> Collected data
---

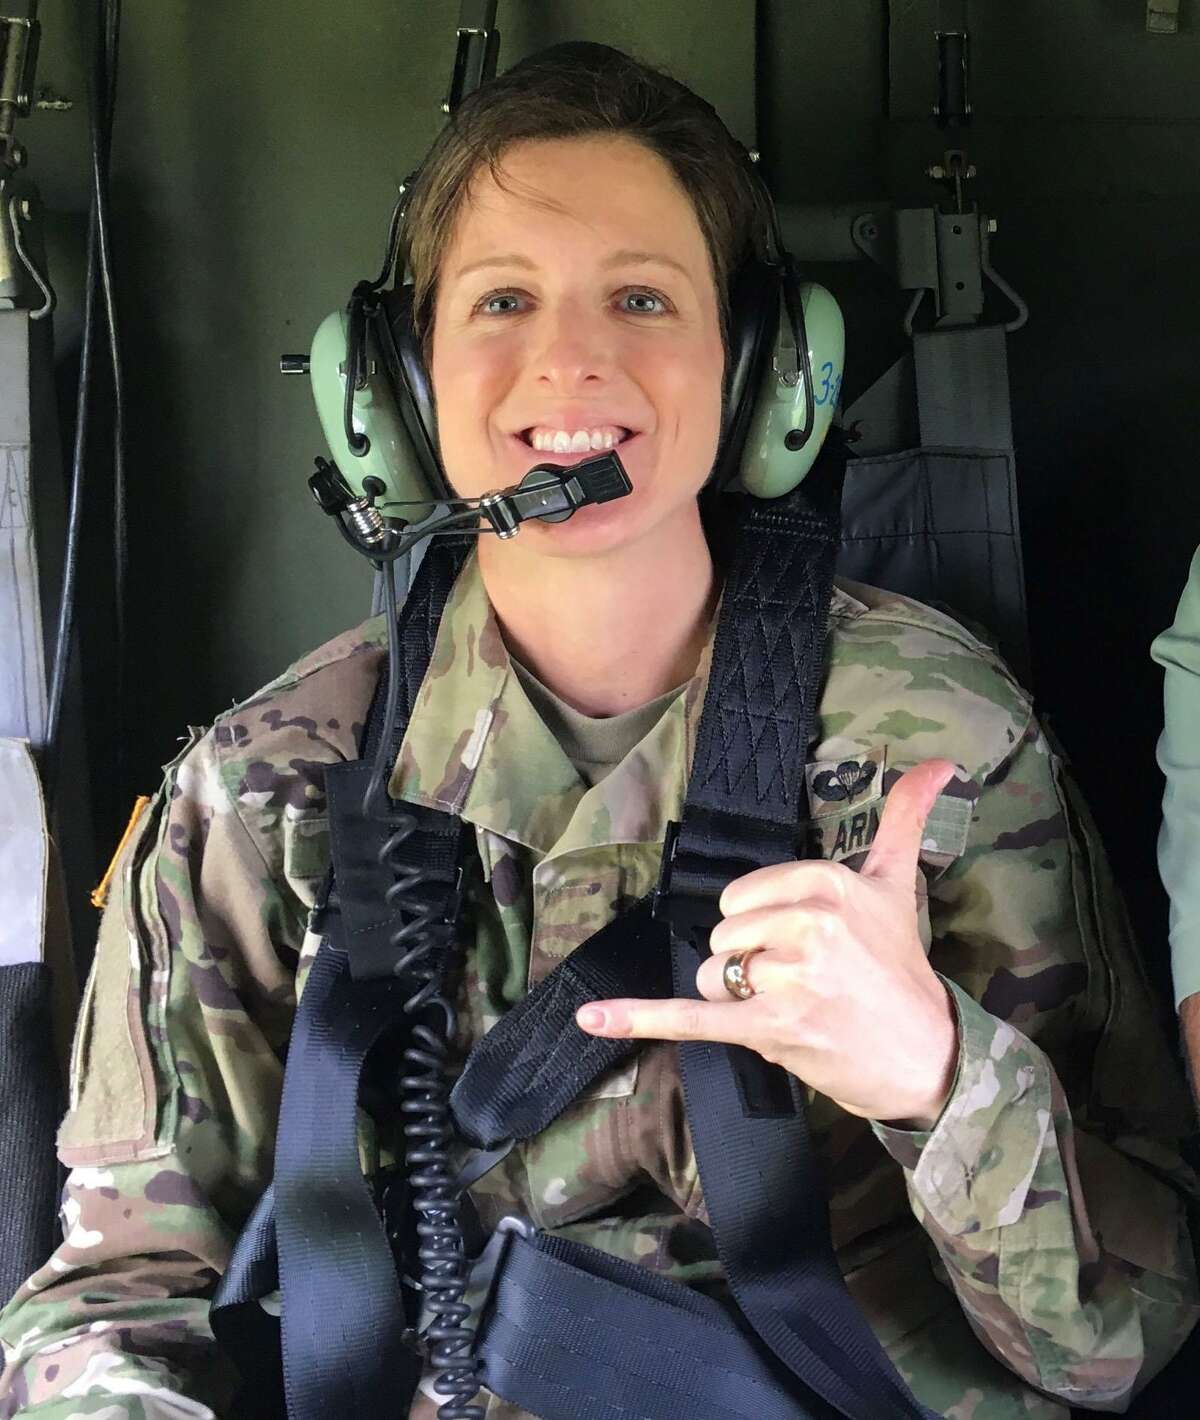 Tara Carr, who spent 25 years in the U.S. Army before retiring in Brookfield, is running for first selectman in November’s election. Courtesy of Tara Carr
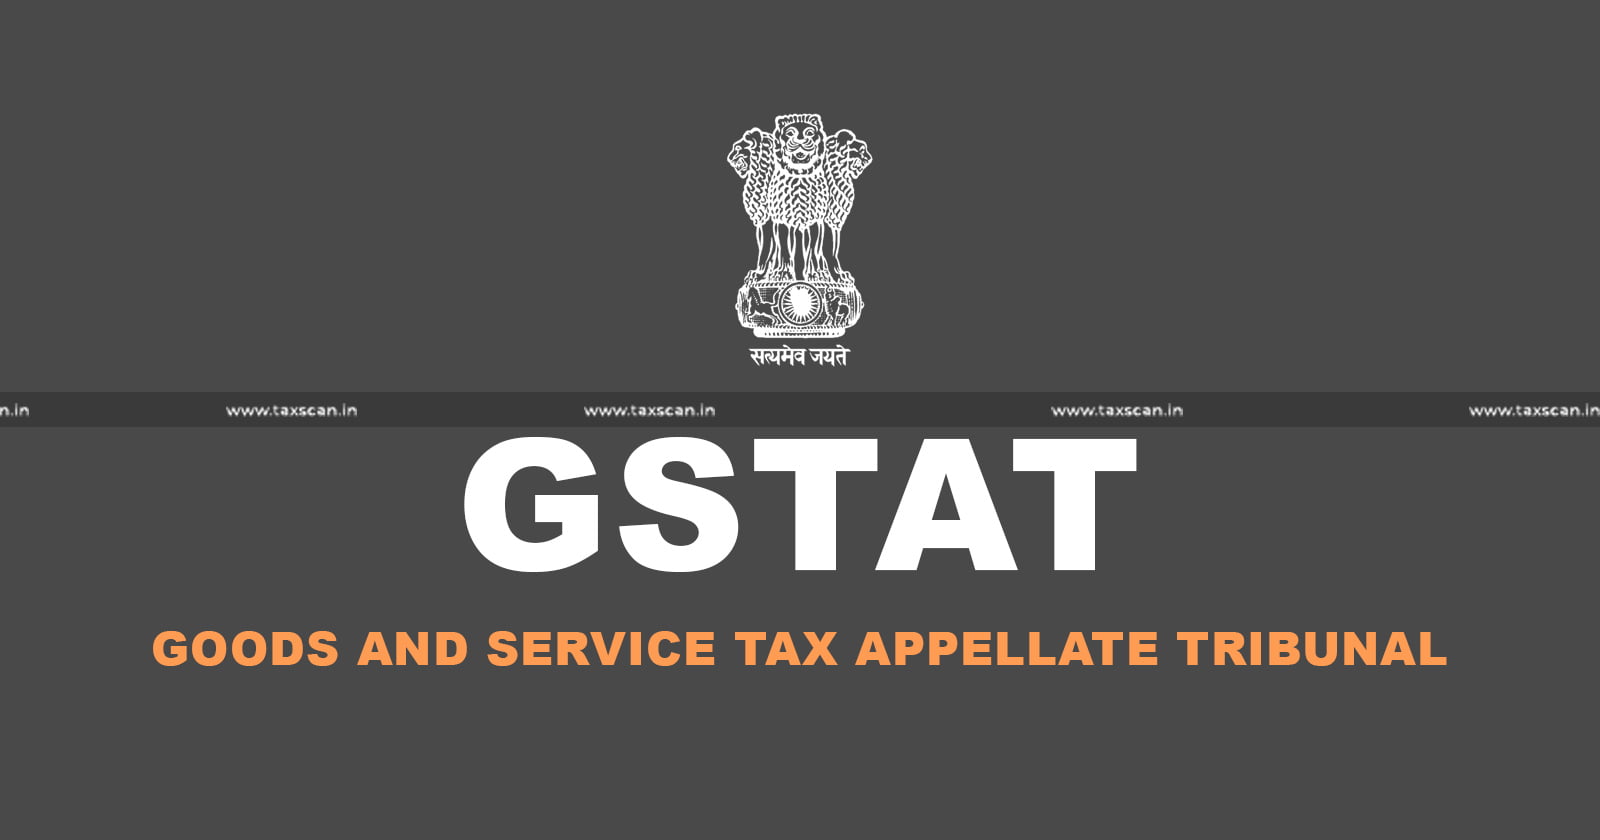 Haryana Government announcement - Haryana GST Tribunal - One Time Settlement scheme - GST Tribunal branches inauguration - taxscan
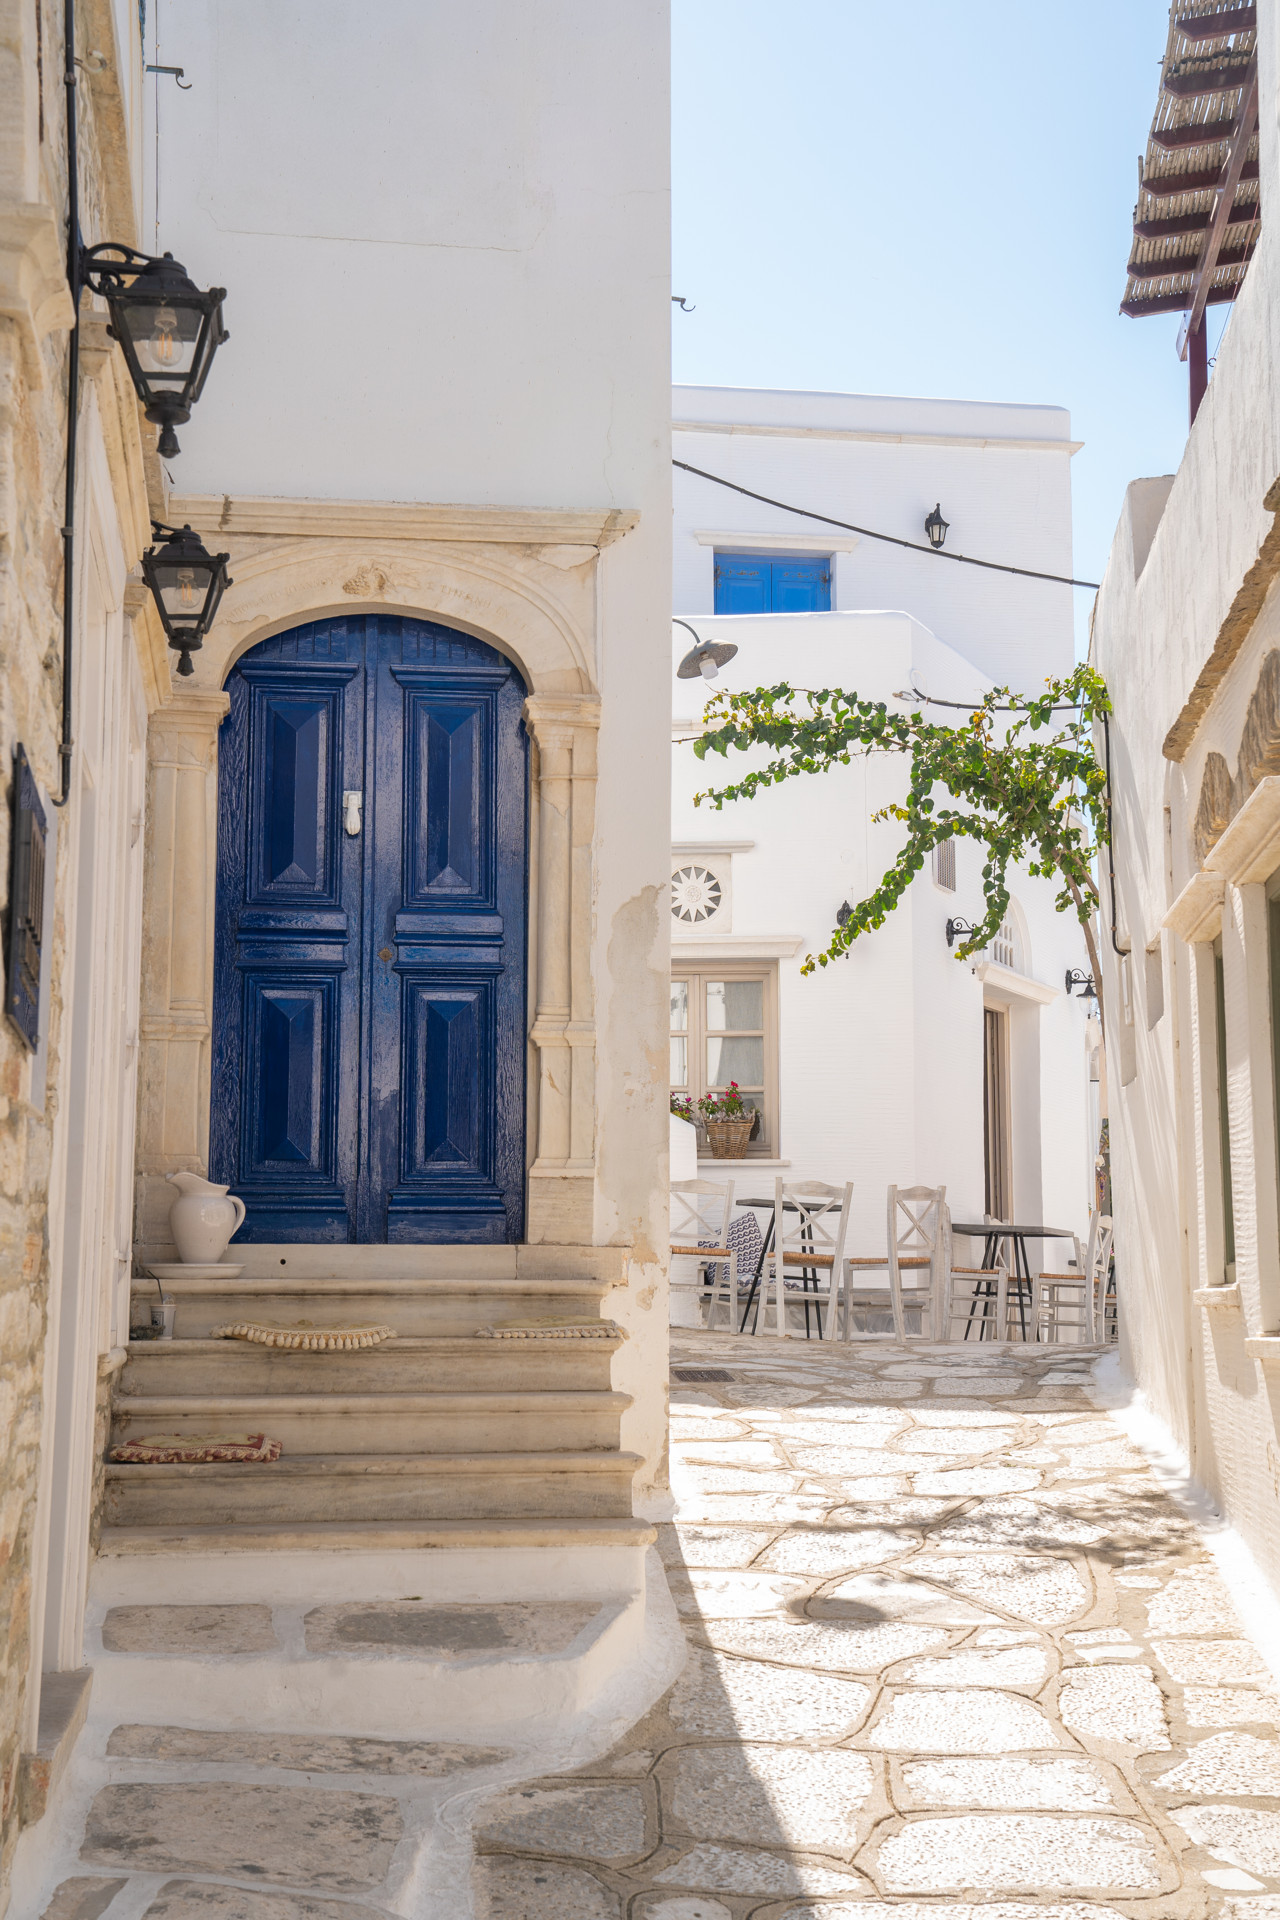 Once you’ve explored the alleyways of Pyrgos, head to the main square for a local delicacy 
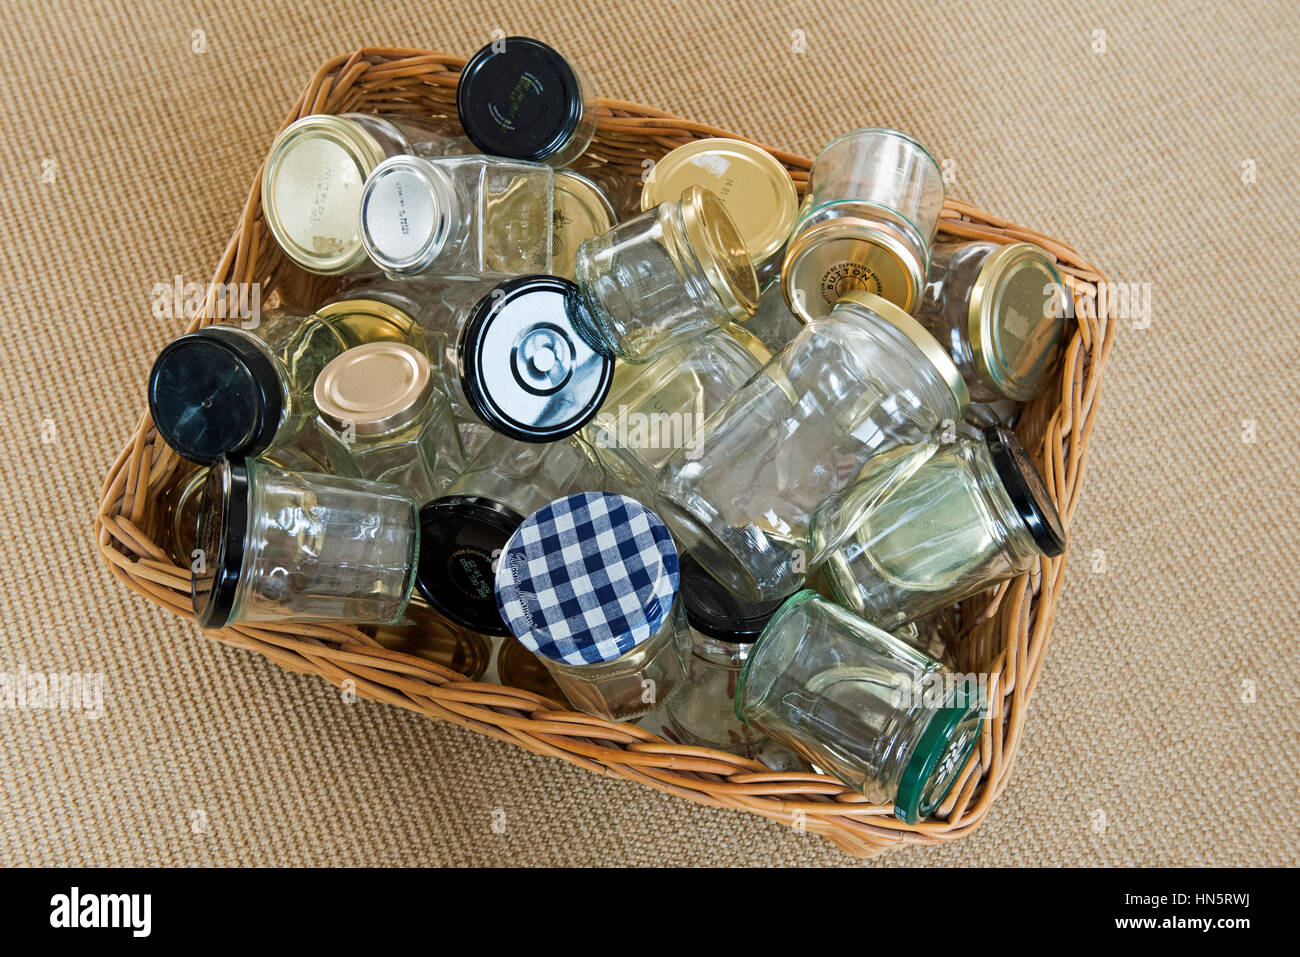 Empty glass jars with lids in wicker basket washed and ready for reuse, storage or recycling. Stock Photo

---

This exercise asks for an exact copy of the lines from the first one in the data through the line that contains "Haryana Government announcement", pictures excluded.

 Tara Carr, who spent 25 years in the U.S. Army before retiring in Brookfield, is running for first selectman in November’s election. Courtesy of Tara Carr
 Haryana Government announcement - Haryana GST Tribunal - One Time Settlement scheme - GST Tribunal branches inauguration - taxscan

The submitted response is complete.